New member here from Calgary. Two months back I picked up a used (mint) 2012 Taylor 814ce Ltd Cocabola/Sitka. Plays like butter, beautiful action, amazing sound. Here's a few pics.






























































































Nice to meet everyone.

John


----------



## knight_yyz (Mar 14, 2015)

Gorgeous guitar


----------



## greco (Jul 15, 2007)

Congratulations!
I am a fan of Taylor's. Don't own one ...Yet....LOL

Absolutely stunning guitar and very impressive photography!

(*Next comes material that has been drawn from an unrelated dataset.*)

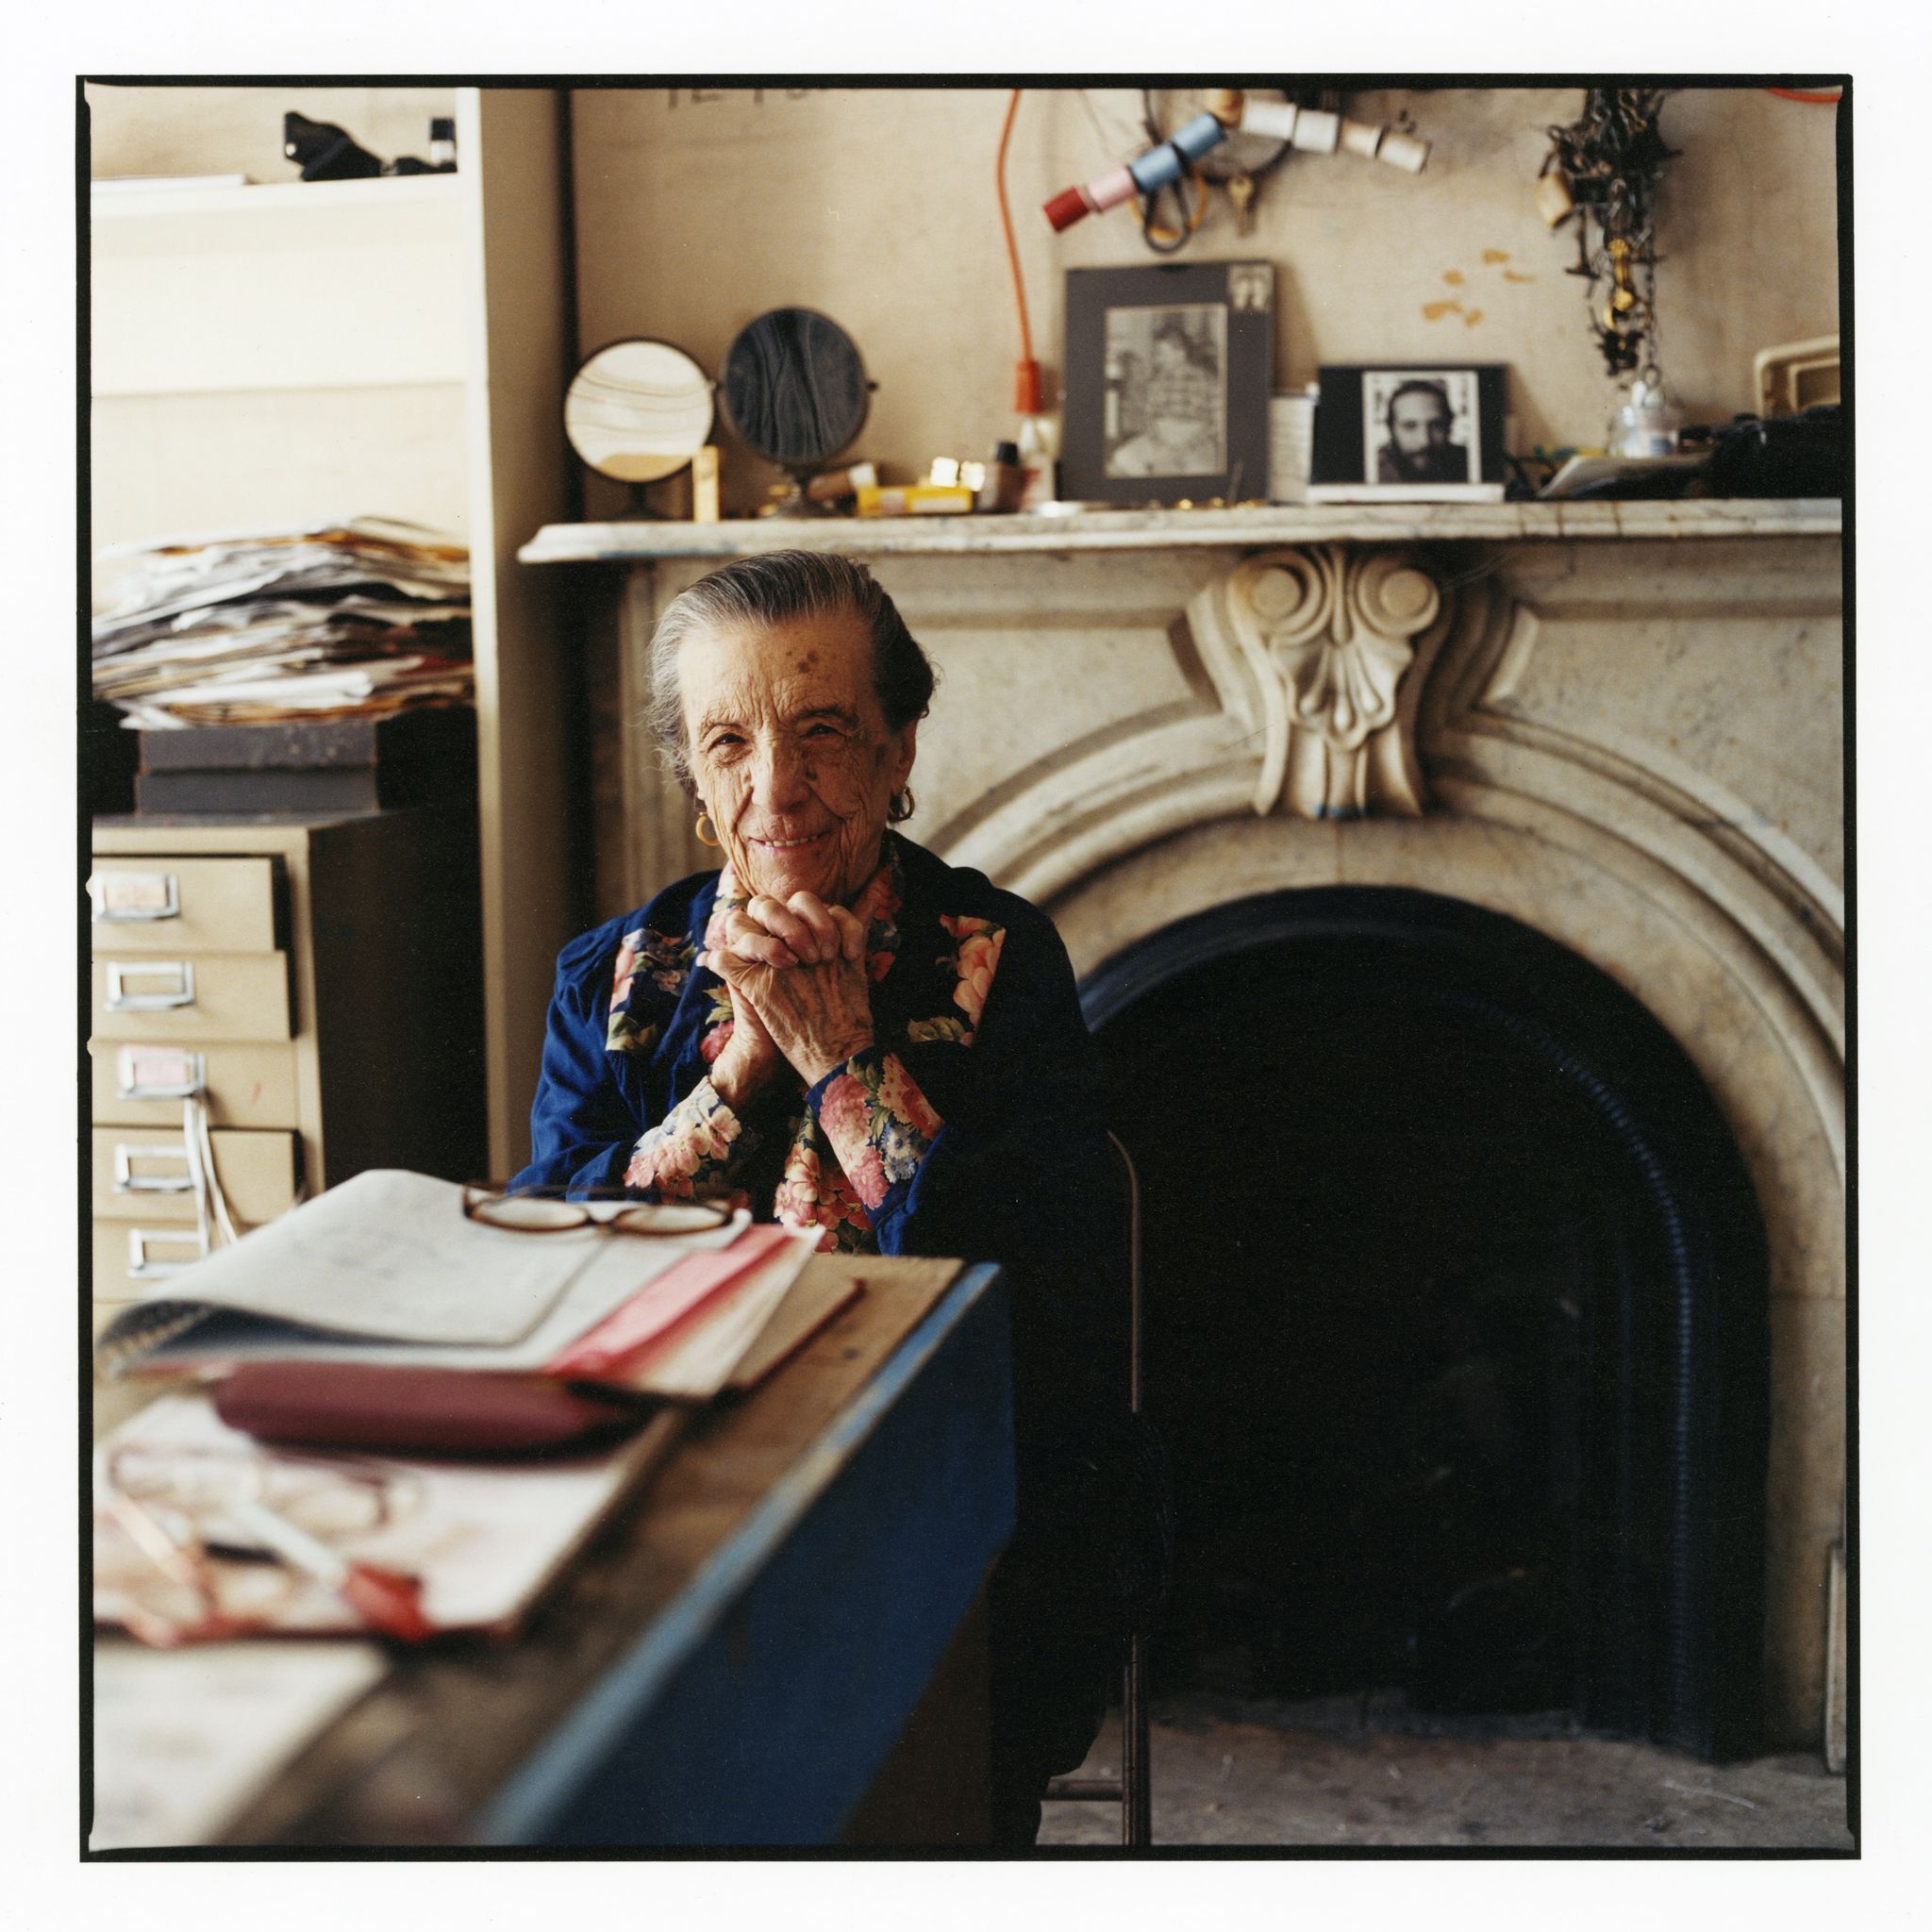 Louise Bourgeois, arte, arte femminista, libri fotografici, Jean-François Jaussaud,  Femme Maison

Is photography your hobby or profession?

Cheers

Dave

How embarrassing not to notice that this was your first thread!
...Welcome to the forum!! Start many more new threads and post often.


----------



## Budda (May 29, 2007)

Those 800 series guitars are utterly fantastic, congrats on a sweet NGD!


----------



## fredyfreeloader (Dec 11, 2010)

That is very very nice, Cocobolo is my favourite wood for an acoustic guitar.


----------



## Stratin2traynor (Sep 27, 2006)

WOW! I love the shape of the 14 series. Ever since watching David Gilmour play one on a concert video, I've been dying for one. Congratulations! It's a beauty.


----------



## GWN! (Nov 2, 2014)

Beautiful guitar. Welcome to the forum.


----------



## sulphur (Jun 2, 2011)

Beautiful guitar, wow!

Welcome to the forum John, good start. 8)


----------